Author name disambiguation using a new categorical distribution similarity

  • Authors:
  • Shaohua Li;Gao Cong;Chunyan Miao

  • Affiliations:
  • Nanyang Technological University, Singapore;Nanyang Technological University, Singapore;Nanyang Technological University, Singapore

  • Venue:
  • ECML PKDD'12 Proceedings of the 2012 European conference on Machine Learning and Knowledge Discovery in Databases - Volume Part I
  • Year:
  • 2012

Quantified Score

Hi-index 0.00

Visualization

Abstract

Author name ambiguity has been a long-standing problem which impairs the accuracy of publication retrieval and bibliometric methods.
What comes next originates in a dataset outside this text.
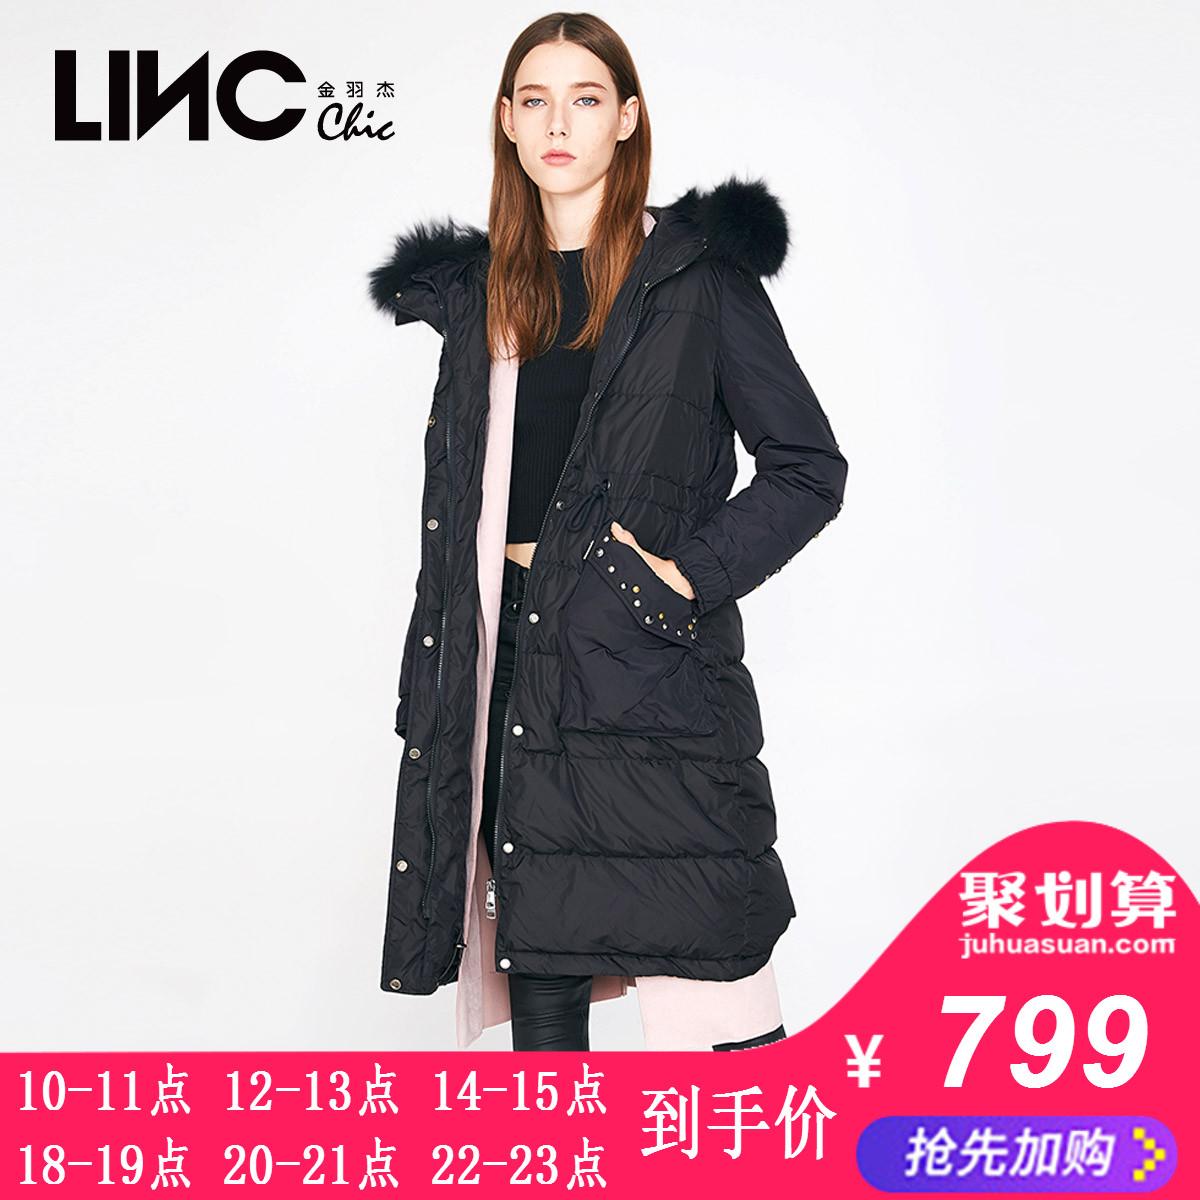 LINC金羽杰貉子大毛领羽绒服中长款冬季新款女修身外套7470969

Most of the existing disambiguation methods are built on similarity measures, e.g., "Jaccard Coefficient", between two sets of papers to be disambiguated, each set represented by a set of categorical features, e.g., coauthors and published venues. Such measures perform bad when the two sets are small, which is typical in Author Name Disambiguation. In this paper, we propose a novel categorical set similarity measure. We model an author's preference, e.g., to venues, using a categorical distribution, and derive a likelihood ratio to estimate the likelihood that the two sets are drawn from the same distribution. This likelihood ratio is used as the similarity measure to decide whether two sets belong to the same author. This measure is mathematically principled and verified to perform well even when the cardinalities of the two compared sets are small. Additionally, we propose a new method to estimate the number of distinct authors for a given name based on the name statistics extracted from a digital library. Experiment shows that our method significantly outperforms a baseline method, a widely used benchmark method, and a real system.